By now you should feel pretty good working with strings, arrays and hashes. We’ll do a couple of classic “intro to programming” problems in the next few lessons to help solidify your knowledge and get warmed up to working on small projects. You’ll need to rely on some of your basic knowledge of conditionals and flow control from the prep work but you shouldn’t need to do anything you haven’t seen before.

If you want to actually write and run your own Ruby code, you can either use IRB from the command line (type irb after the prompt), or run it from a script file using $ ruby ./your_file_name_in_the_current_directory.rb, or use the online editor at replit.com.


Implement a method #substrings that takes a word as the first argument and then an array of valid substrings (your dictionary) as the second argument. It should return a hash listing each substring (case insensitive) that was found in the original string and how many times it was found.
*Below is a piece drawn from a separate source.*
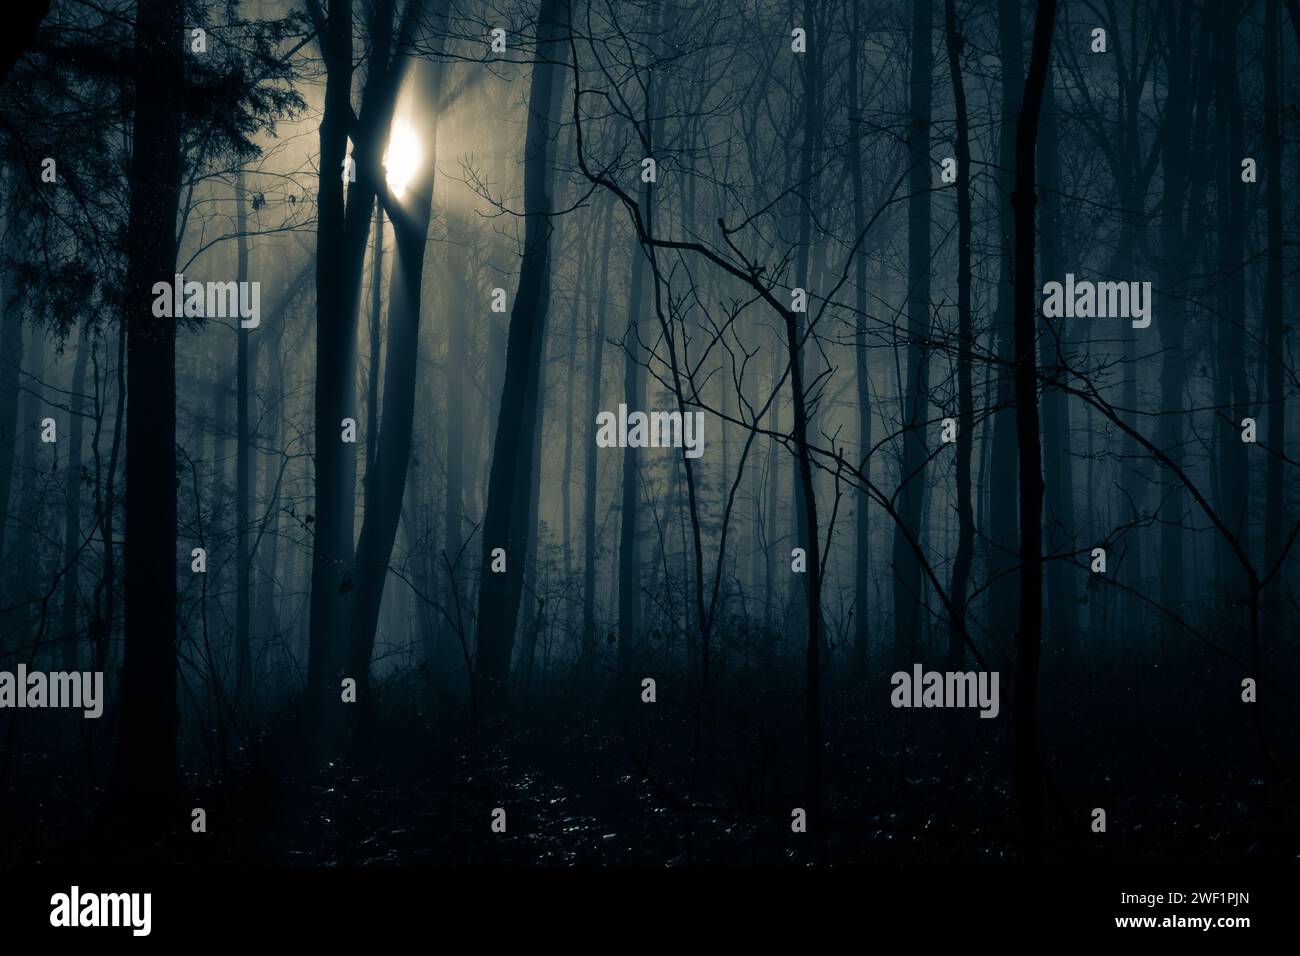 Inquietante immagine monocromatica blu di luce che annega nell'oscurità degli alberi e della nebbia, con gocce d'acqua che scintillano nel sottobosco. Foto Stock

  > dictionary = ["below","down","go","going","horn","how","howdy","it","i","low","own","part","partner","sit"]
  => ["below","down","go","going","horn","how","howdy","it","i","low","own","part","partner","sit"]
  > substrings("below", dictionary)
  => { "below" => 1, "low" => 1 }

Next, make sure your method can handle multiple words:

  > substrings("Howdy partner, sit down! How's it going?", dictionary)
  => { "down" => 1, "go" => 1, "going" => 1, "how" => 2, "howdy" => 1, "it" => 2, "i" => 3, "own" => 1, "part" => 1, "partner" => 1, "sit" => 1 }

Please note the order of your keys might be different.

Quick Tips:

  • Recall how to turn strings into arrays and arrays into strings.